# Internet access in job trailer.



## robavit (Oct 18, 2011)

I am about to start a new job and will require Internet access in the job trailer. 
A new T1 line takes forever to get and is expensive. 
Wireless laptop card is too slow.
DSL to slow.

Does anyone have any other experience with setting up Internet access on a job site ( about a years duration.) ?
What are some other options? 
I am thinking satellite (probably too $) or fios?

Thanks


----------



## Builderbob 72 (Dec 15, 2010)

Park the job trailer close enough to a neighboring house so you can leach off their unsecured network...:whistling


----------



## The Coastal Craftsman (Jun 29, 2009)

Does the area have LTE? 

Also why would DSL not be fast enough? What exactly are you gonna be using it for. Unless your torrenting or streaming HD movies then you should be fine with DSL.


----------



## Randy Bush (Mar 7, 2011)

I use my AT&T wireless aircard and it work pretty good. sometimes when trying to stream it is maybe slow , but for most things is fine.


----------



## rock16 (Feb 25, 2010)

I have clearwire 4g wireless for on the road. I cant imagine why you would need faster for a job shack.


----------



## griz (Nov 26, 2009)

I don't have much business replying here...:whistling

Since they did away with tubes I don't understand much of this new fangled technology...:no:

But I have seen guys hook their cell phone to the laptop & do what ever they need to get done.:thumbup:


----------



## Randy Bush (Mar 7, 2011)

griz said:


> I don't have much business replying here...:whistling
> 
> Since they did away with tubes I don't understand much of this new fangled technology...:no:
> 
> But I have seen guys hook their cell phone to the laptop & do what ever they need to get done.:thumbup:


Hey Griz I bet you still have one of them old mechanical adding machine too.:laughing:


----------



## griz (Nov 26, 2009)

Randy Bush said:


> Hey Griz I bet you still have one of them old mechanical adding machine too.:laughing:


Yup & a Abacus...:thumbup:

Fair amount of pencil & paper also...:whistling


----------



## WindowsonWash (Nov 1, 2011)

4G LTE wireless card is a lifesaver. If you are getting 4G, it is pretty darn quick.


----------



## jhammer7 (Nov 19, 2009)

What does the wireless card set you back per month? Are there any other drawbacks?

J


----------



## WindowsonWash (Nov 1, 2011)

About $50 for 5 gig if I am not mistaken.
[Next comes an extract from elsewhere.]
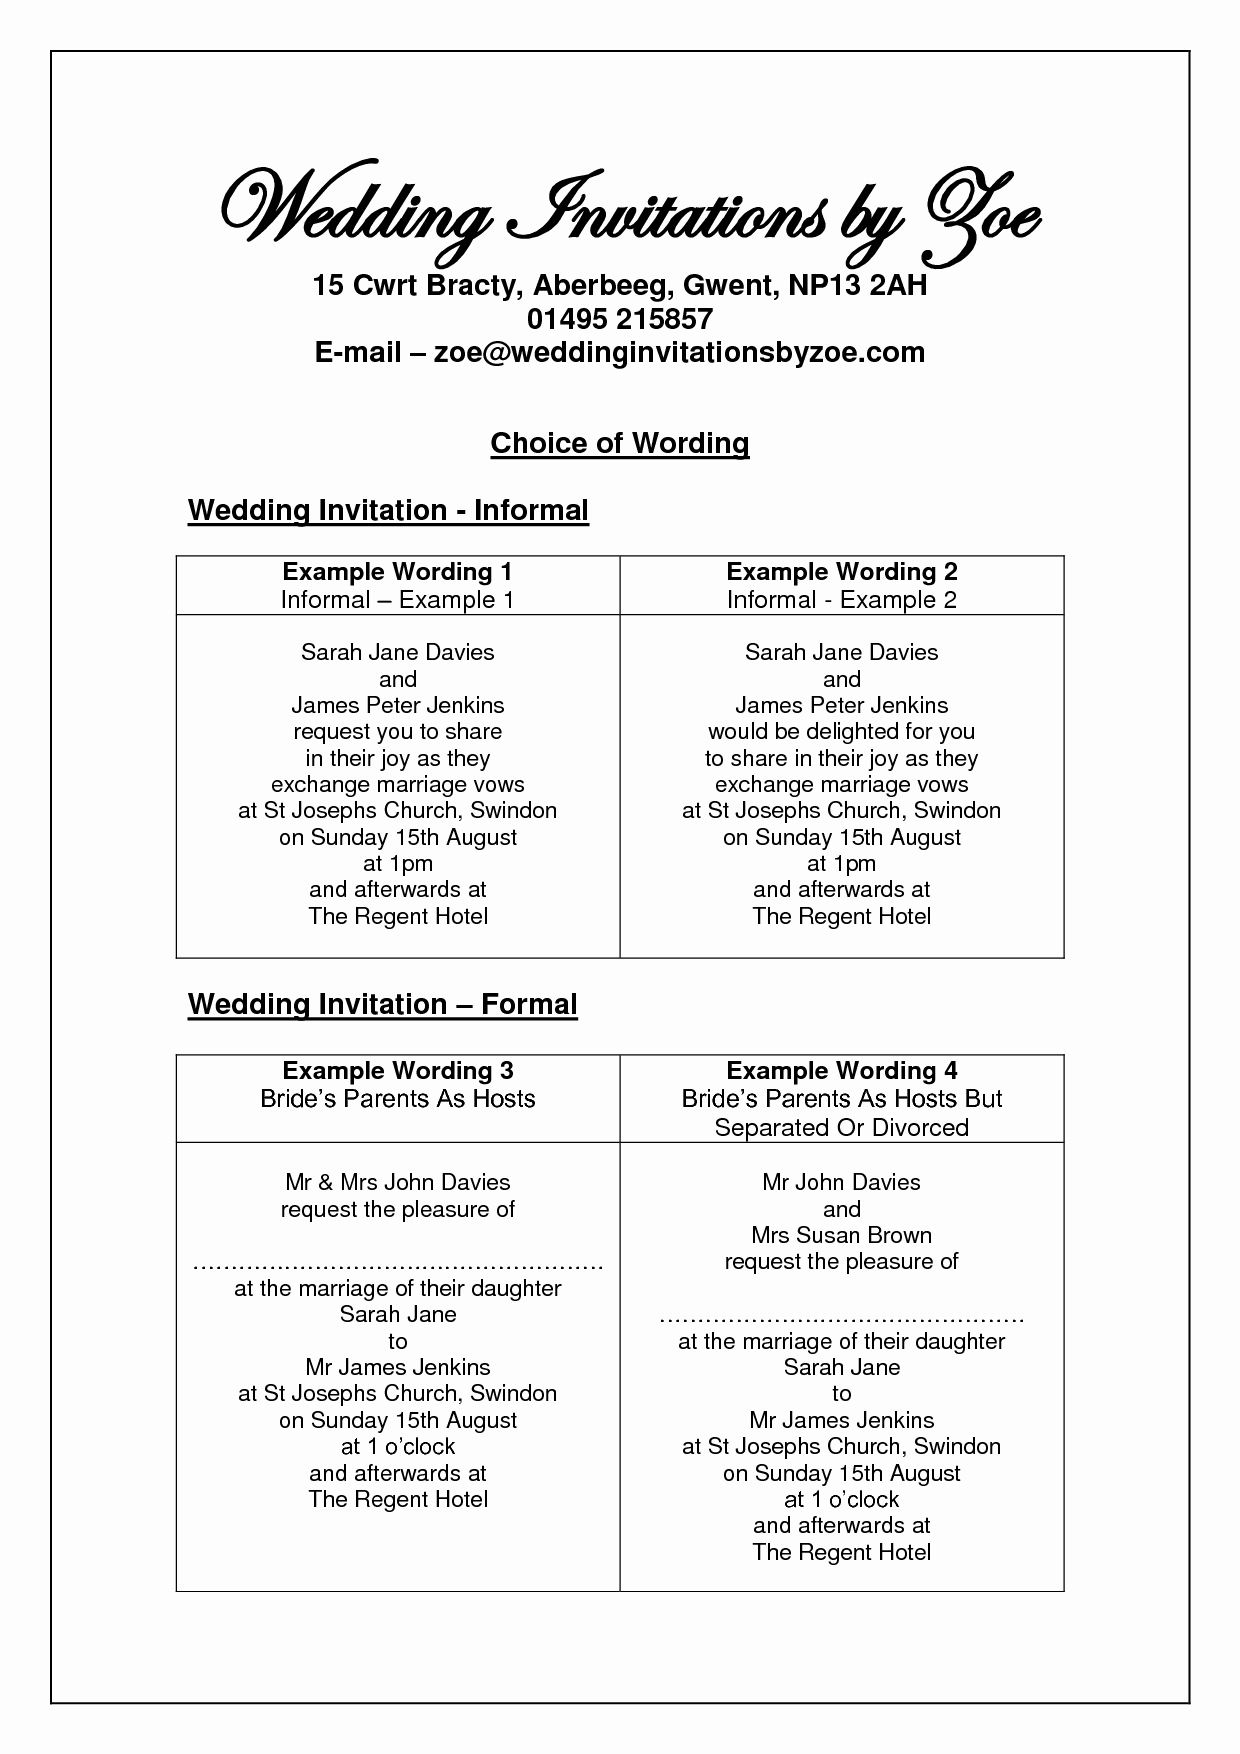 Informal Wedding Invitation Wording New Informal Wedding Invitation Wording Google Search

No drawbacks and it is WiFi so multiple people can use it.


----------



## jhammer7 (Nov 19, 2009)

We're 3G and cannot access with Verizon and no news on when we might get 4G, I don't think I want to pay for data plan on phone and aircard so I might get a "Not so smart" phone and opt for the air card.

J


----------



## Inner10 (Mar 12, 2009)

If DSL is too slow and T1 is too expensive I'd say you are screwed because cellular won't touch DSL.


----------



## Randy Bush (Mar 7, 2011)

jhammer7 said:


> What does the wireless card set you back per month? Are there any other drawbacks?
> 
> J


I have a Att air card for 60 a month and because I had it with Altel before the buy out I have unlimited data:thumbsup: If I ever change plans then it will cost me more.


----------



## MP CONST (Dec 5, 2011)

We always used sprint wireless cards and they had plenty of speed. Never an issue even watching videos. I currently run everything through my Blackberry as im paying for data anyway, why pay twice. It works just fine, wont be watching any movies anytime soon, but getting my work done it can handle.


----------



## GregS (Oct 1, 2006)

Just what the hell are you doing that all of these options are too slow?
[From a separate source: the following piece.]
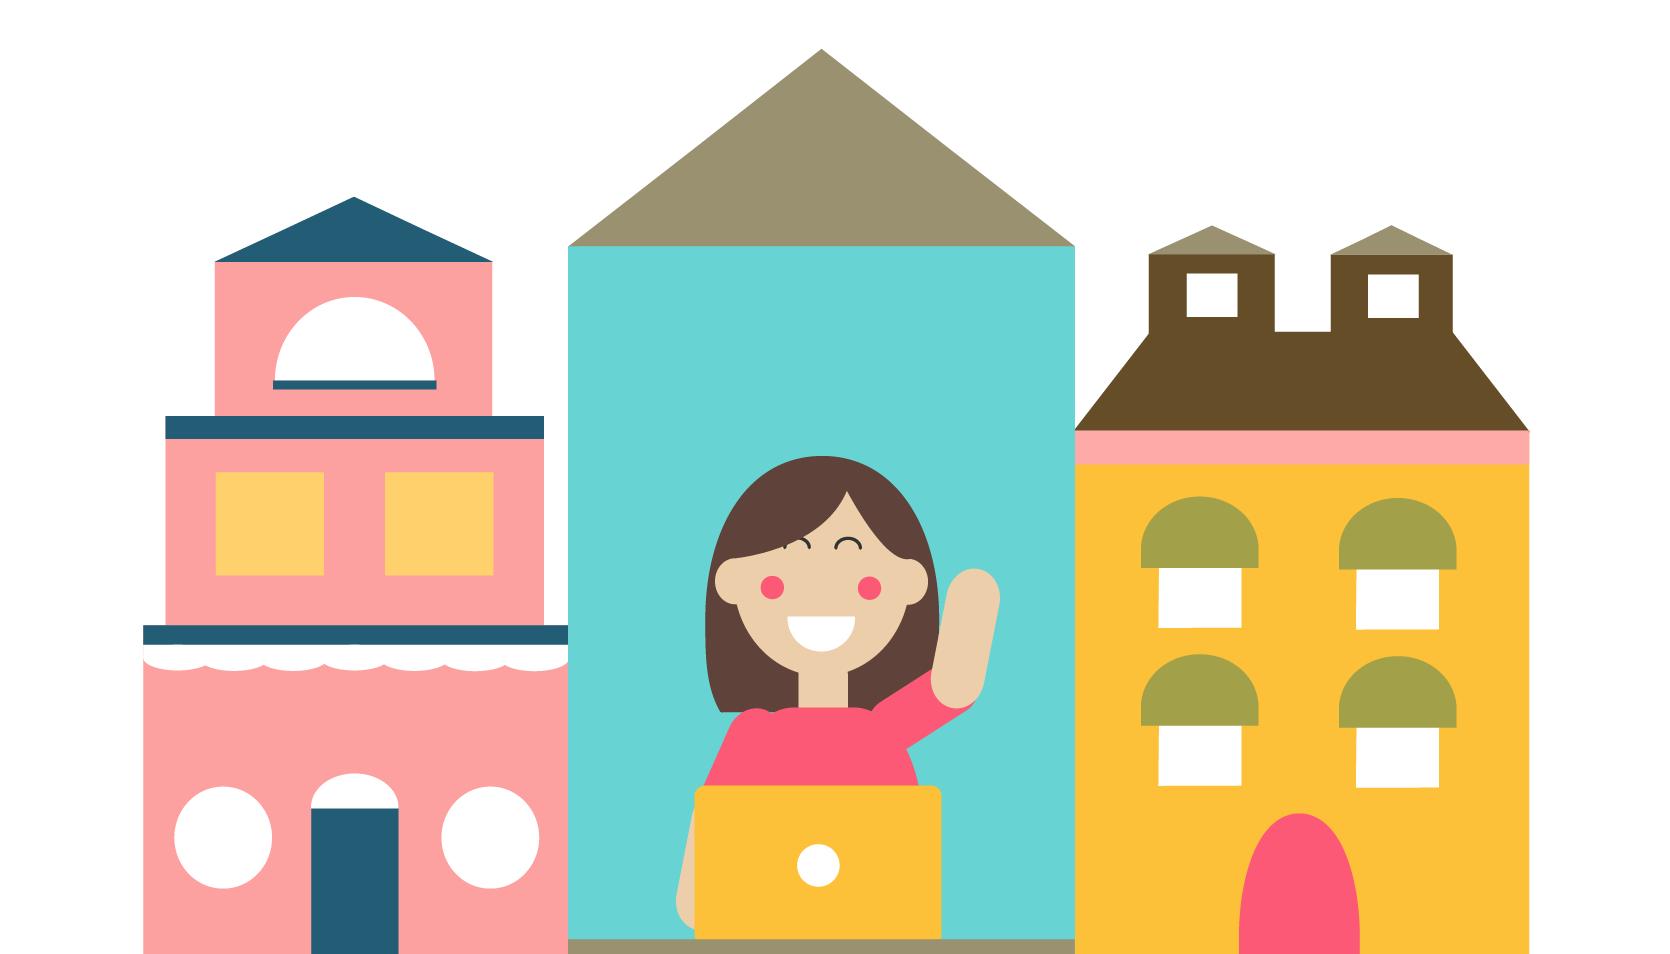 Illustration of Tuts Town designer waving goodbye from her desk

We usually set up the trailers with DSL or cable.
This is more than enough for the site supers to read their email, download drawings, send out pictures and look up the weather. There's also plenty of bandwidth left over for us to stream a few cameras from the jobsite to the office.


----------



## ESSaustin (Mar 27, 2010)

griz said:


> But I have seen guys hook their cell phone to the laptop & do what ever they need to get done.:thumbup:


I was also going to suggest tethering as a last option, if you are getting a cell signal. Kind of a PITA though.


----------



## rockybird (Oct 31, 2011)

If you have a smart phone with unlimited data, use that to connect your laptop, tablet ect.


----------